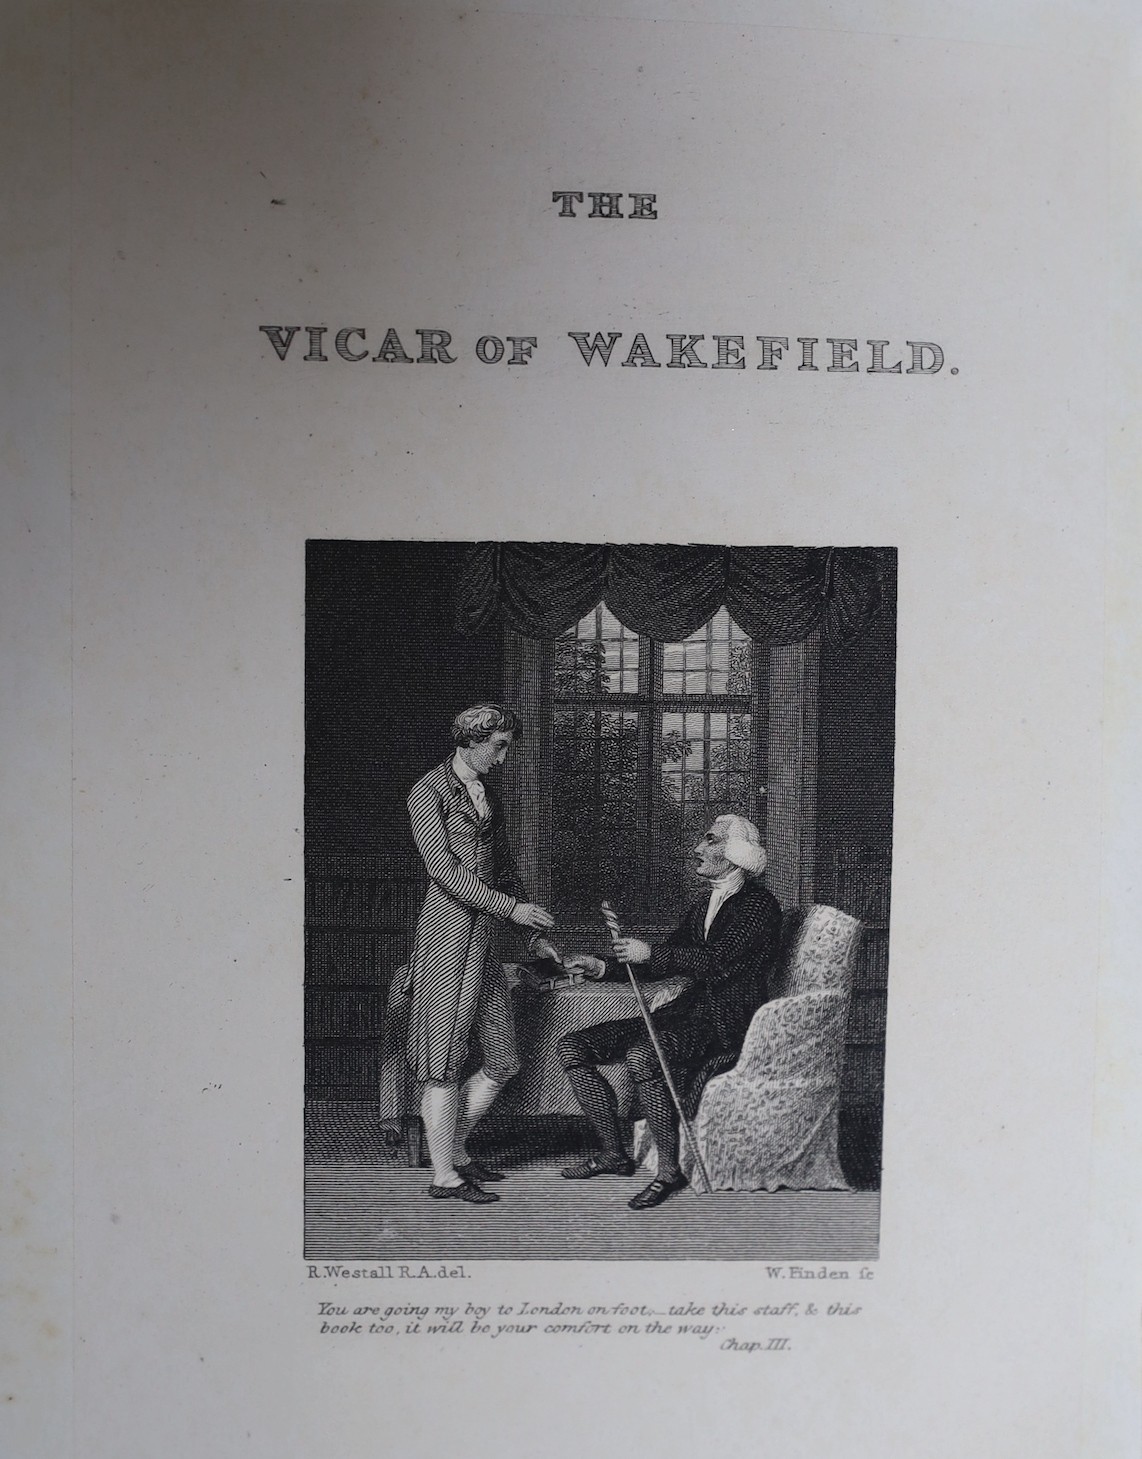 ° ° Richard Westall R.A. (illustrator) - Three works - Goldsmith, Oliver - The Vicar of Wakefield - Image 3 of 3
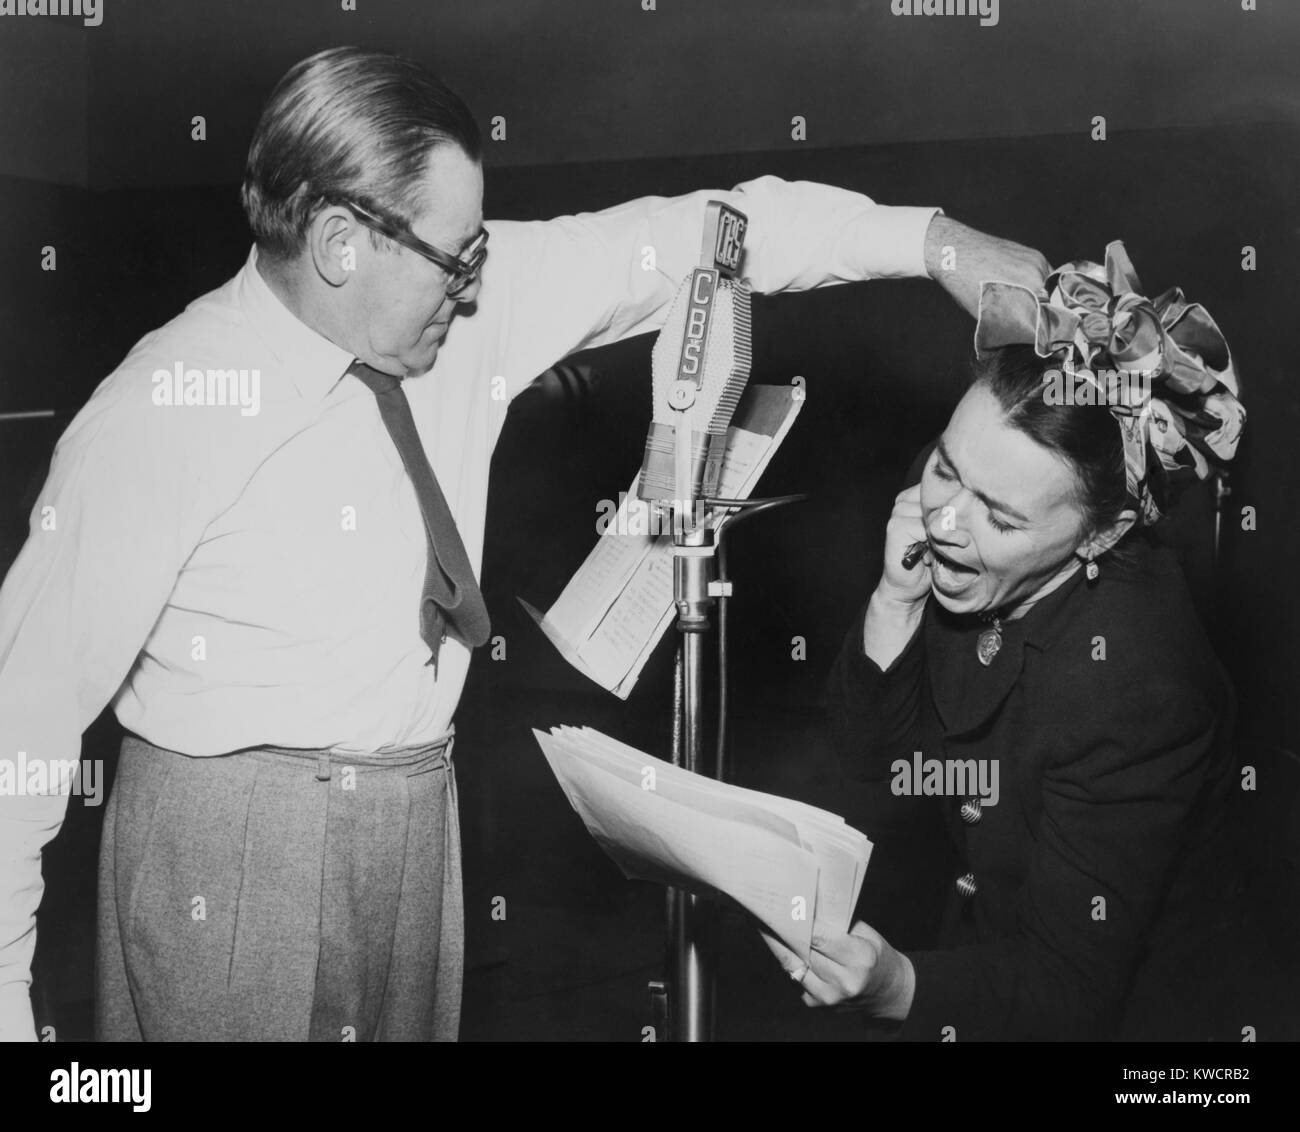 Herbert Marshall striking a blow, murdering his 'wife', in a radio play, 'Back for the Holidays'. From 1944 to 1952, Marshall starred in his own radio series, 'The Man Called X'. - (BSLOC 2014 17 87) Stock Photo
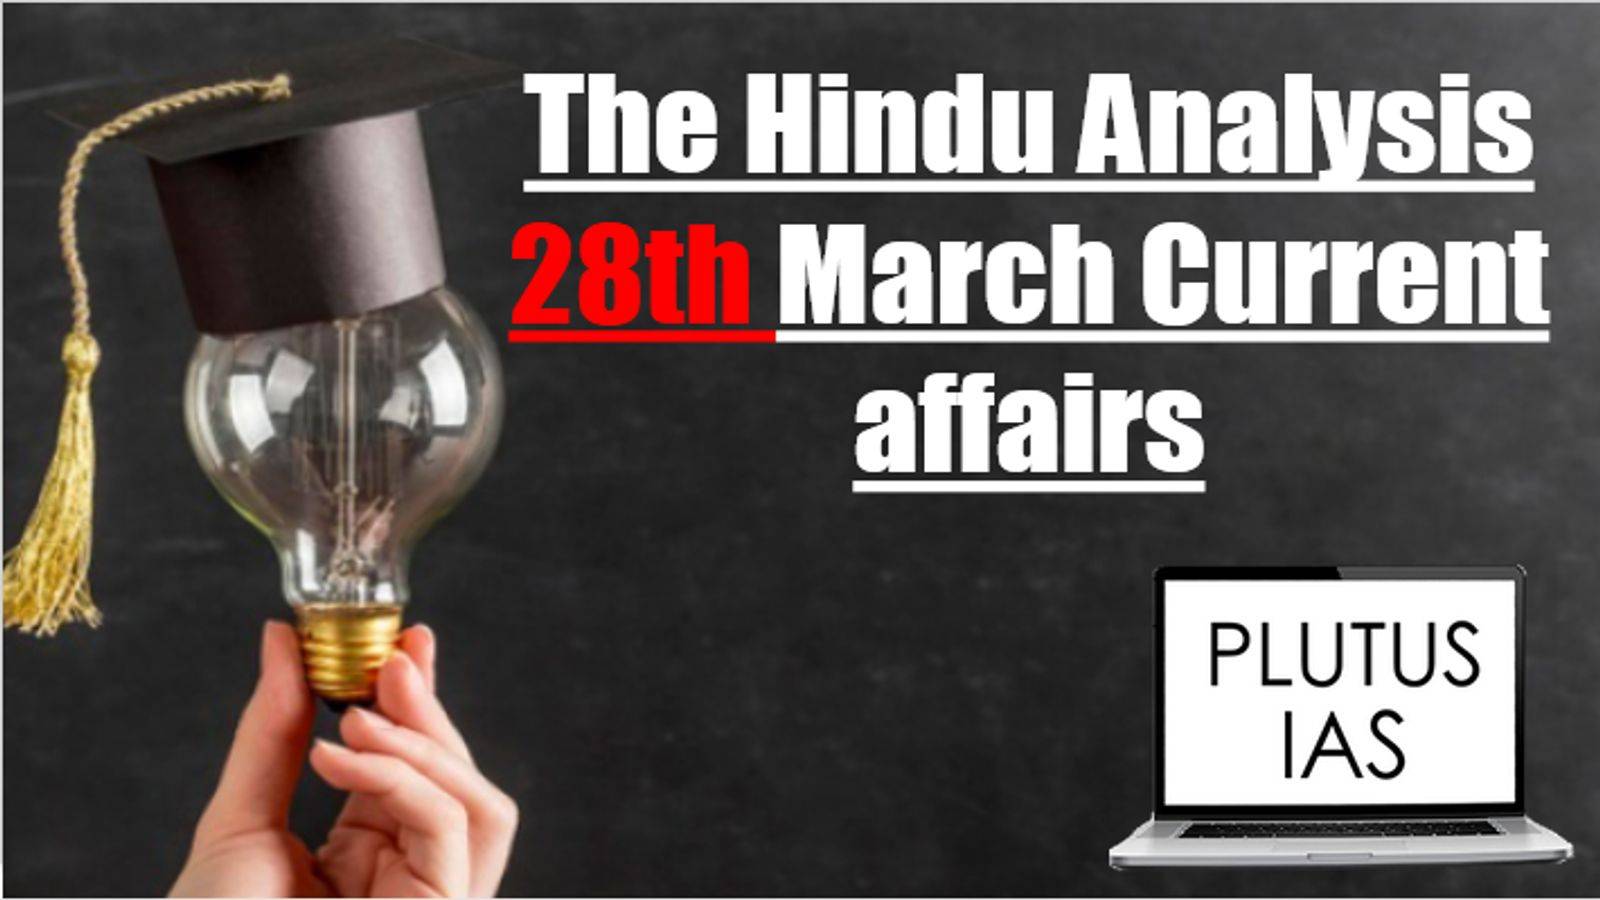 The Hindu Analysis 28 March Current Affairs
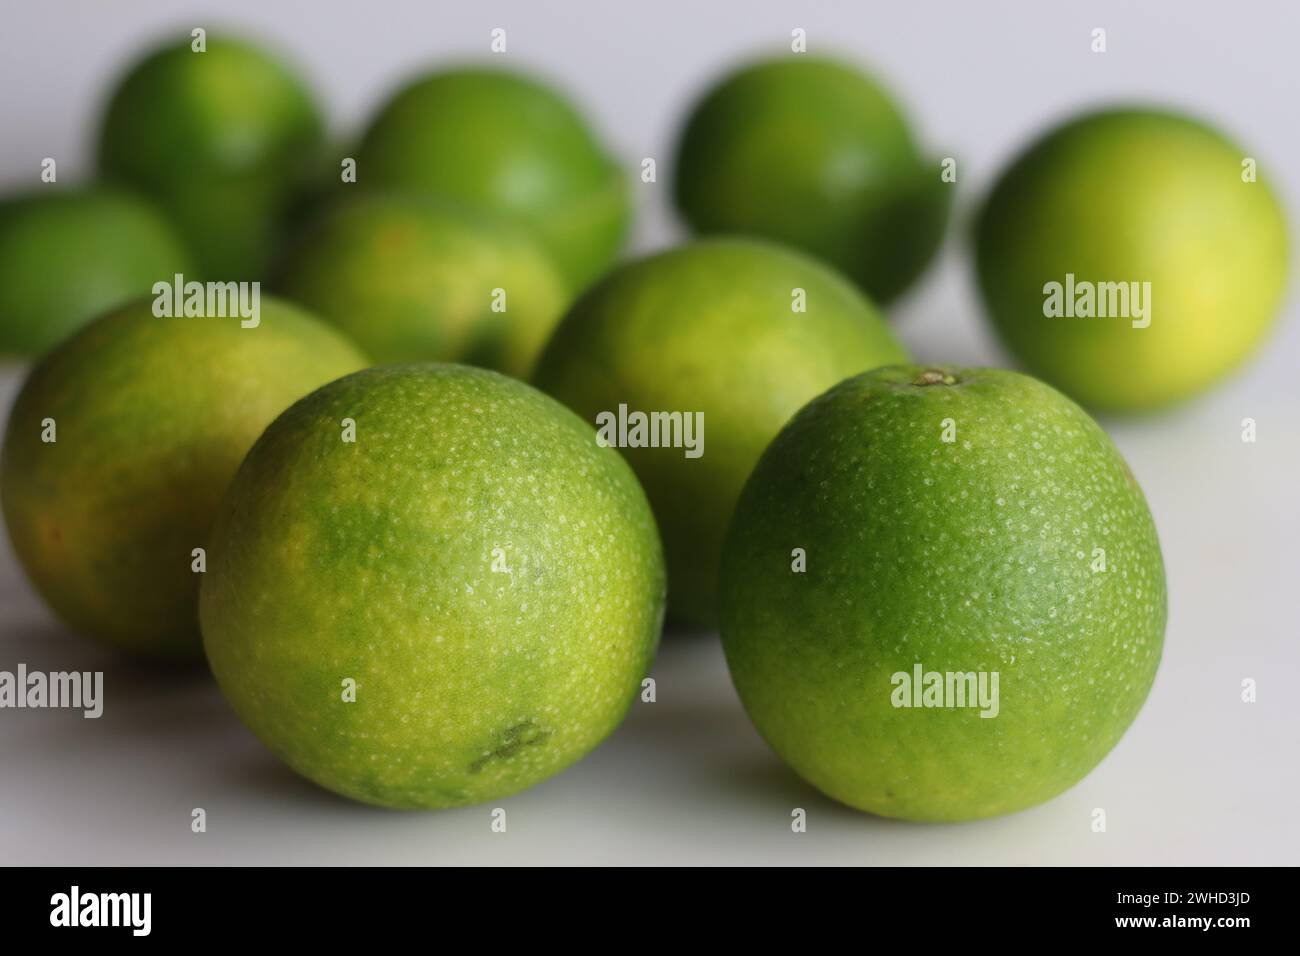 Orchard of fresh sweet limes, vibrant citrus fruits on white background. Healthy organic produce, juicy green limes for cooking and beverages Stock Photo
----------
=== Work instruction ===
Restate the entire listing word for word, excluding pictures.

=== Task solution ===
 ° ° Richard Westall R.A. (illustrator) - Three works - Goldsmith, Oliver - The Vicar of Wakefield - Image 3 of 3
 Herbert Marshall striking a blow, murdering his 'wife', in a radio play, 'Back for the Holidays'. From 1944 to 1952, Marshall starred in his own radio series, 'The Man Called X'. - (BSLOC 2014 17 87) Stock Photo
 The Hindu Analysis 28 March Current Affairs
 Orchard of fresh sweet limes, vibrant citrus fruits on white background. Healthy organic produce, juicy green limes for cooking and beverages Stock Photo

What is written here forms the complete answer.